Problem description: From the first line to the last, print the material exactly, skipping the pictures.

The data:
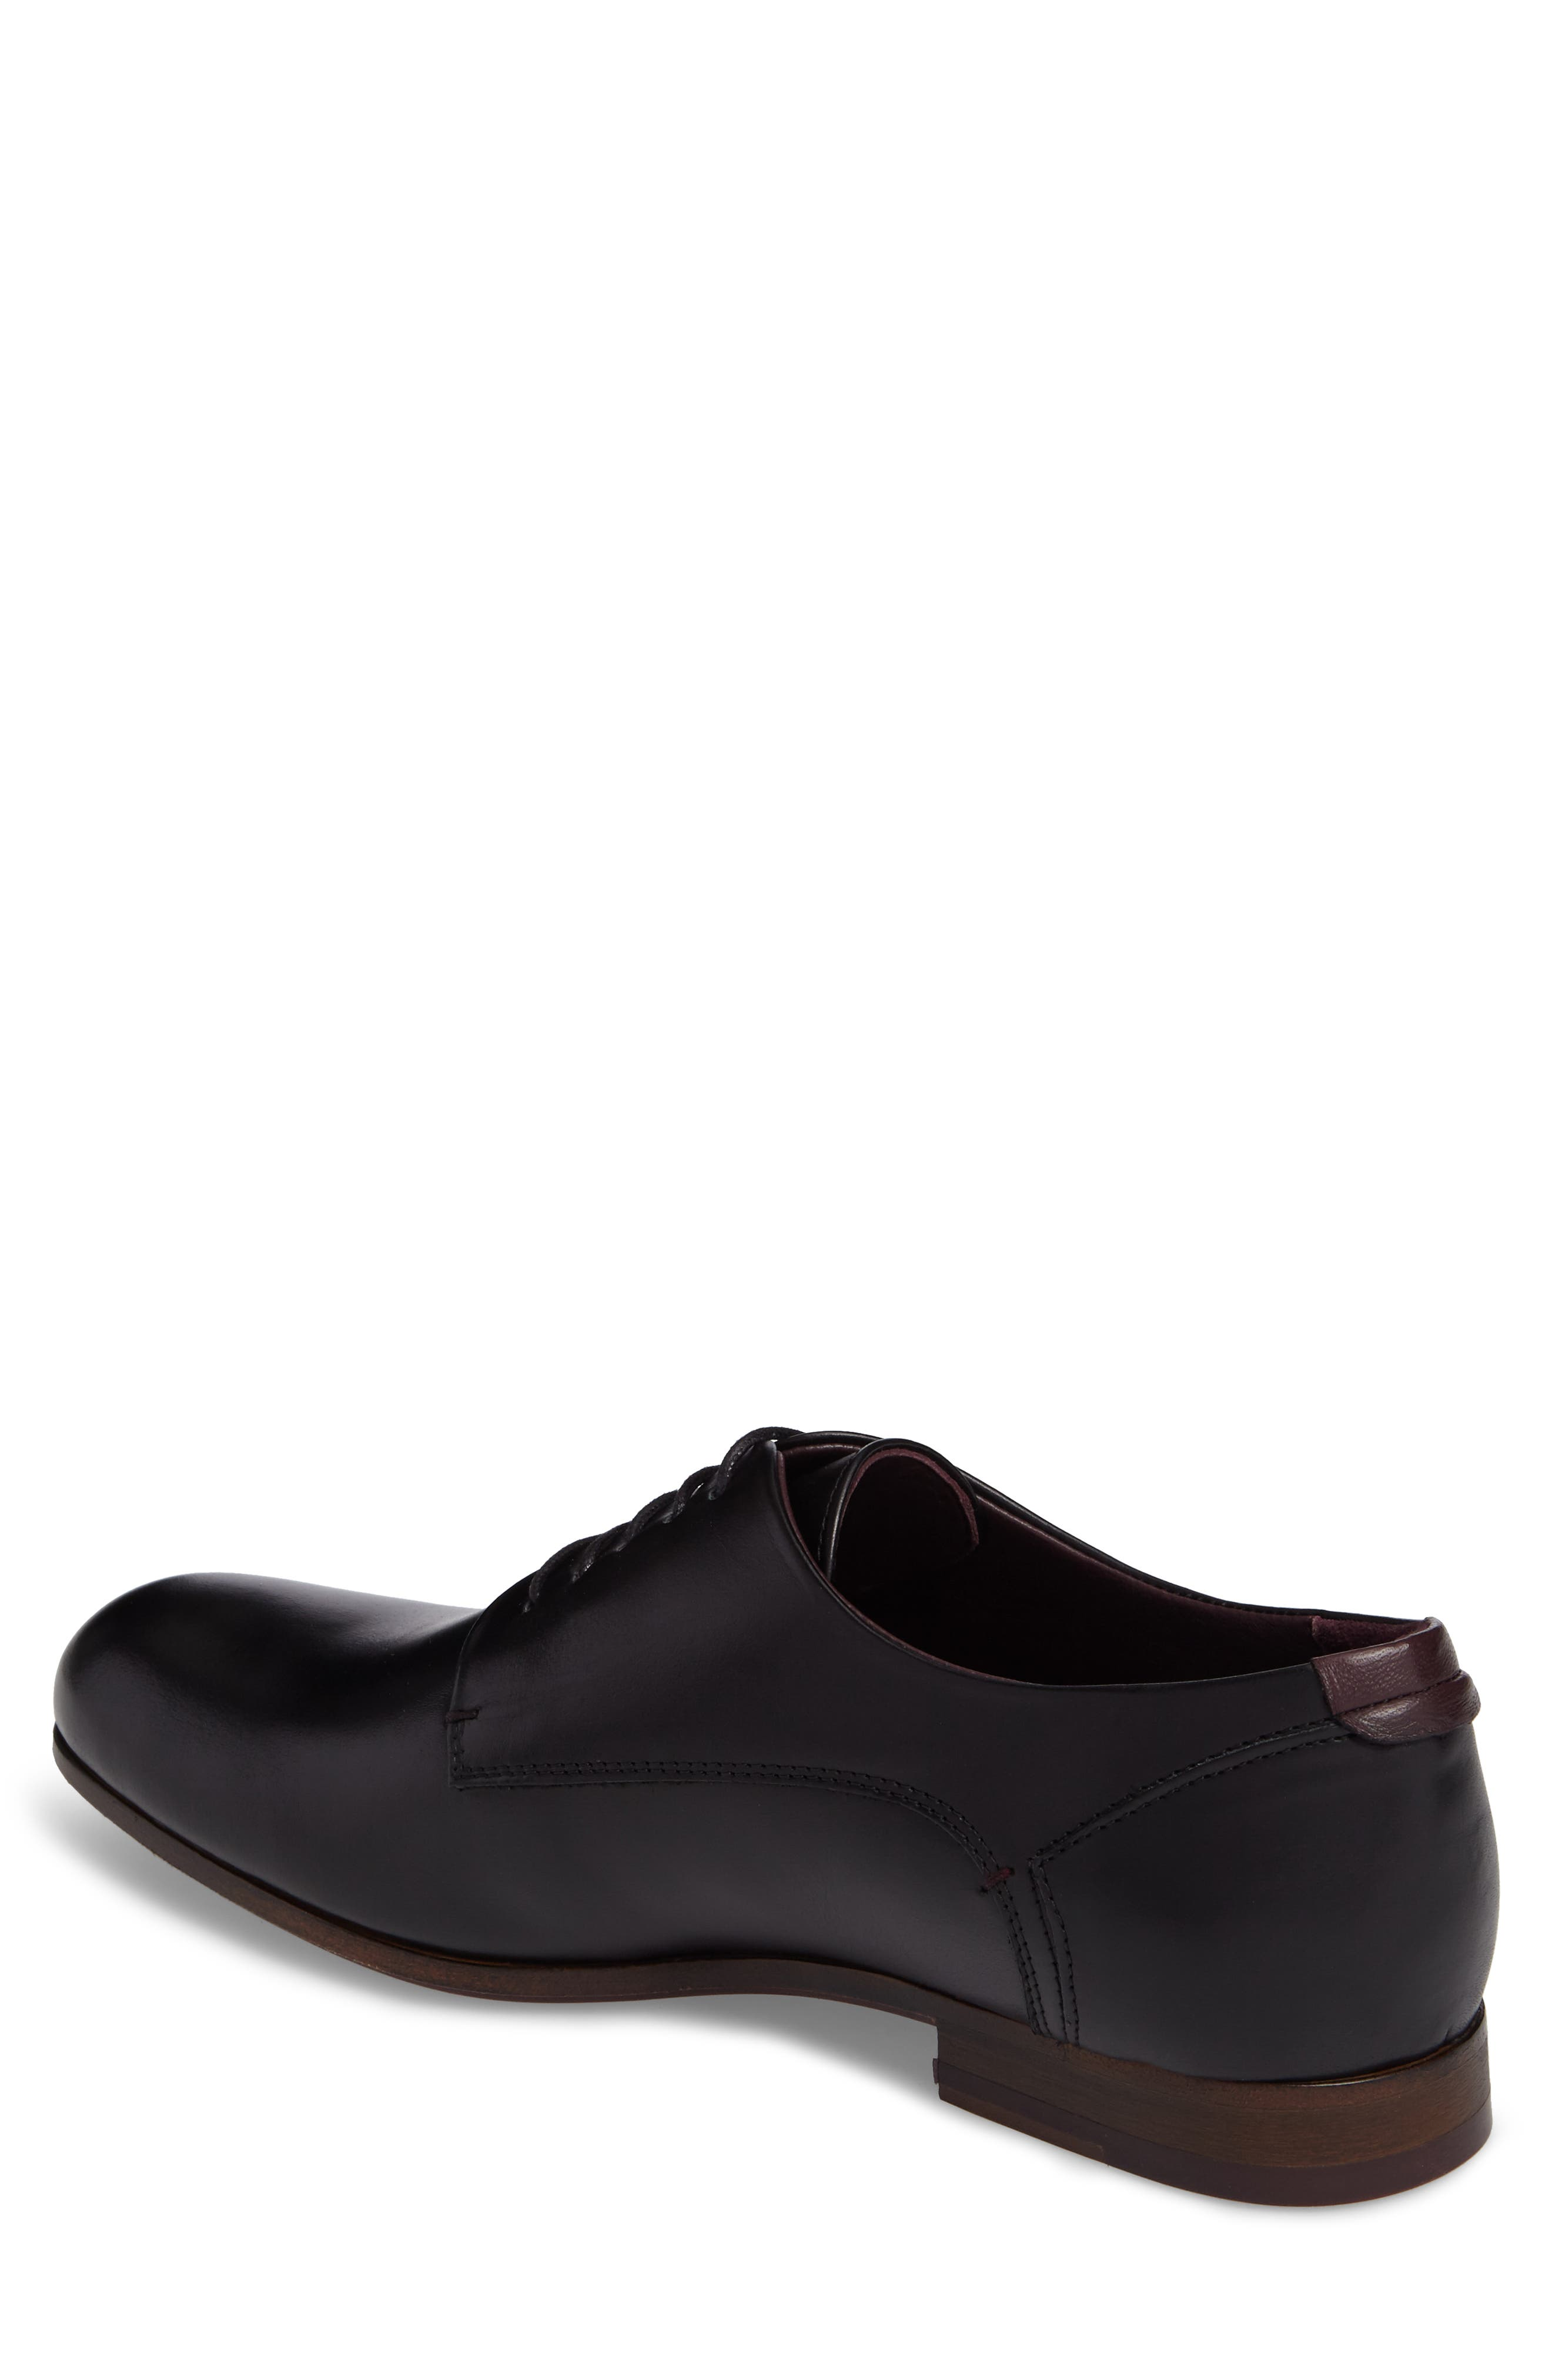 Avionn Plain Toe Derby,                             Alternate thumbnail 2, color,                             Black Leather
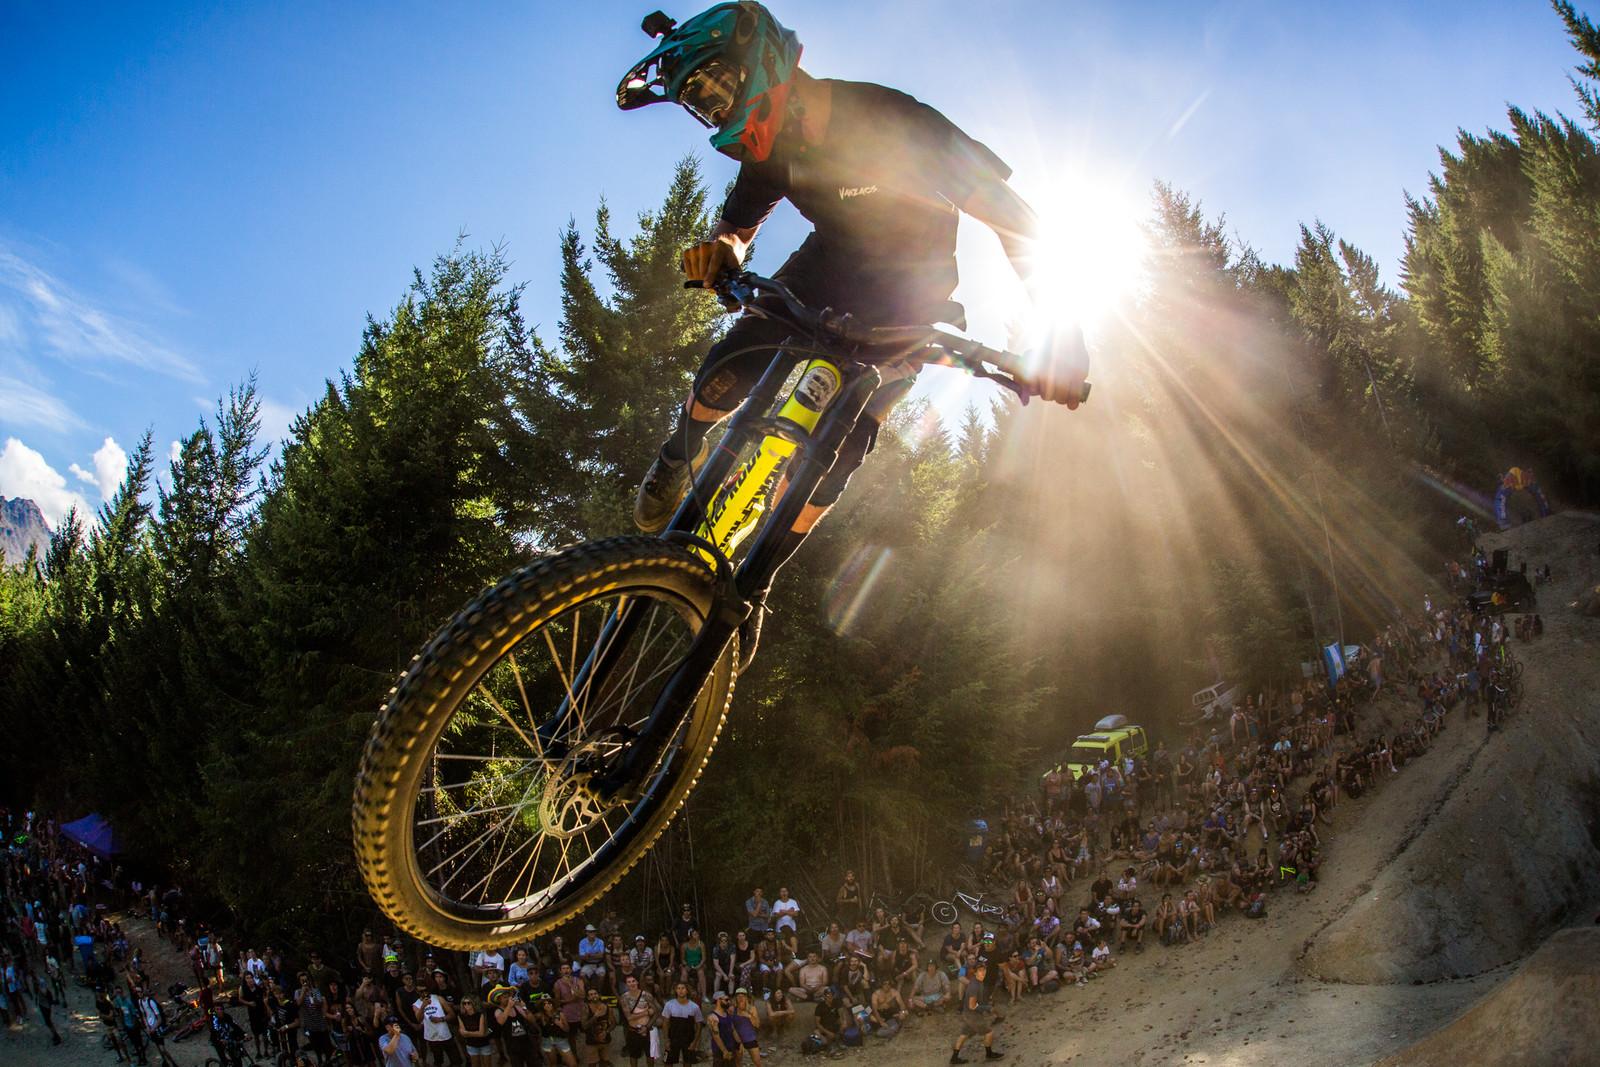 Jackson Davis - McGazza Fest Dream Track Jam - Mountain Biking Pictures - Vital MTB
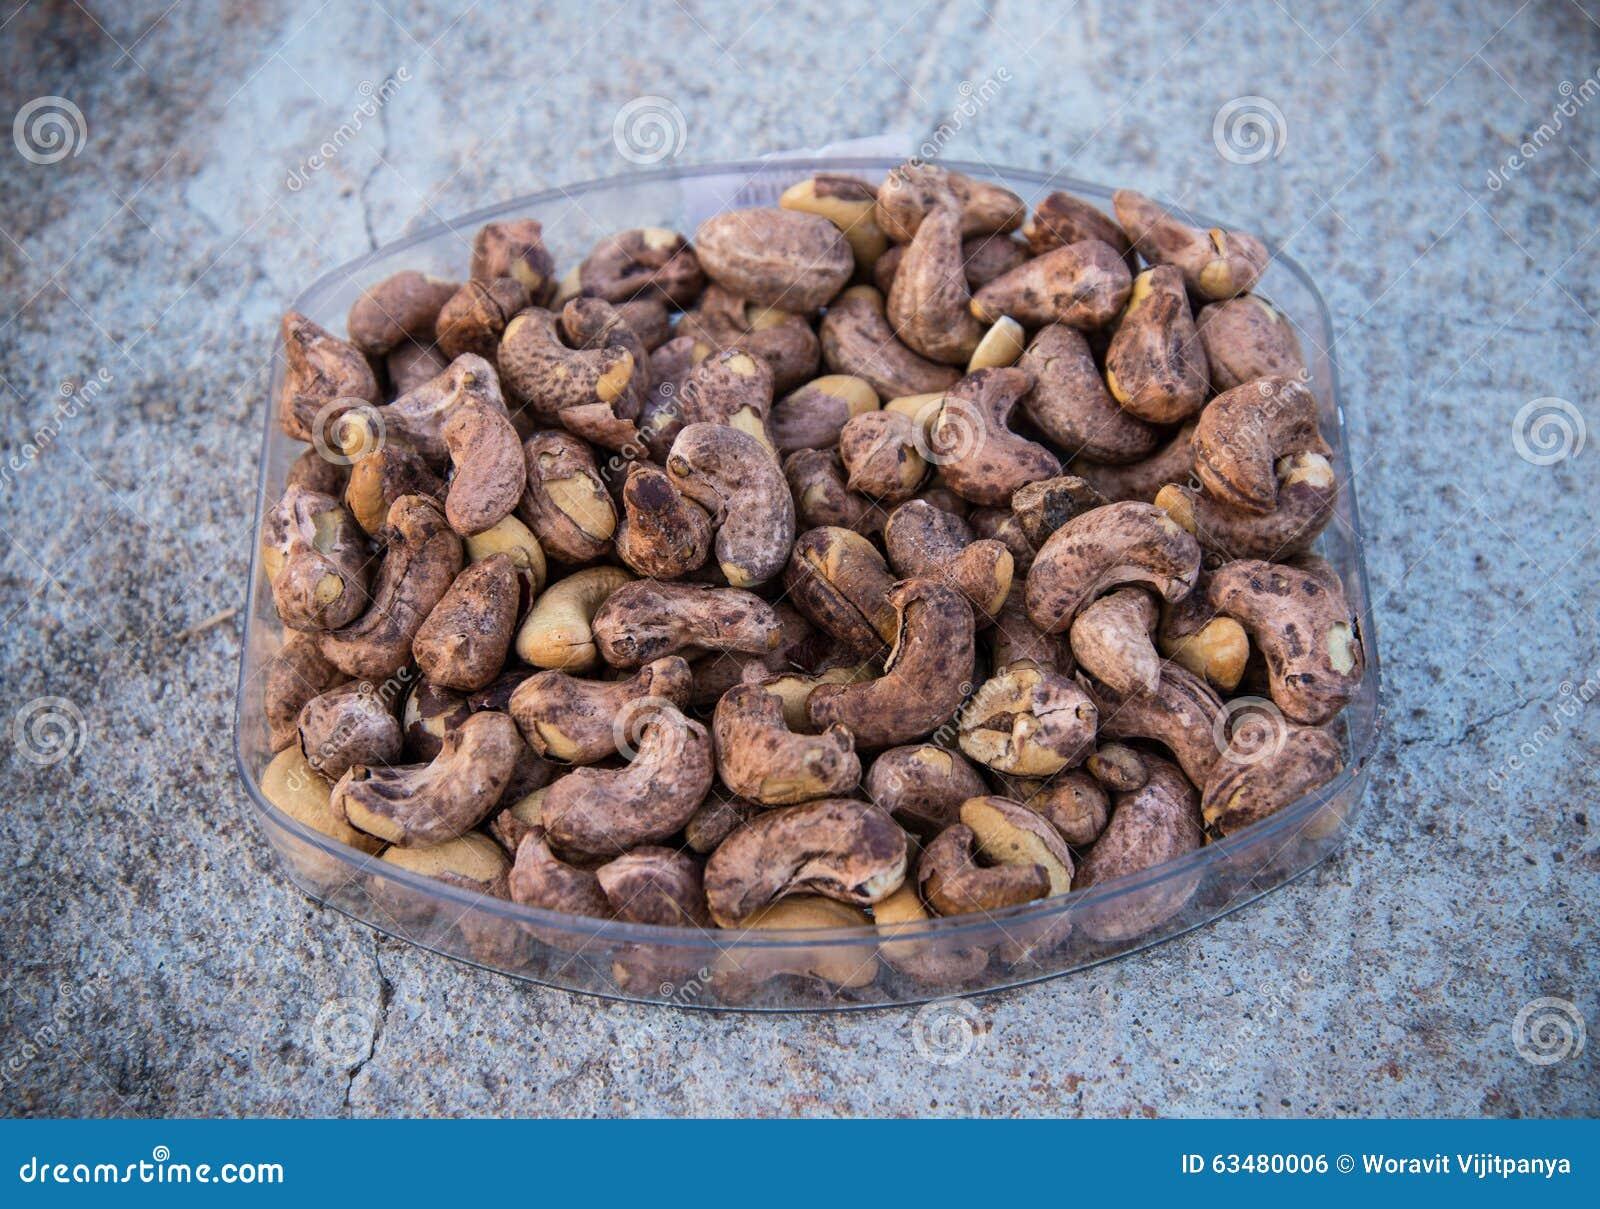 Nut Group 4

Task result:
 Avionn Plain Toe Derby,                             Alternate thumbnail 2, color,                             Black Leather
 Jackson Davis - McGazza Fest Dream Track Jam - Mountain Biking Pictures - Vital MTB
 Nut Group 4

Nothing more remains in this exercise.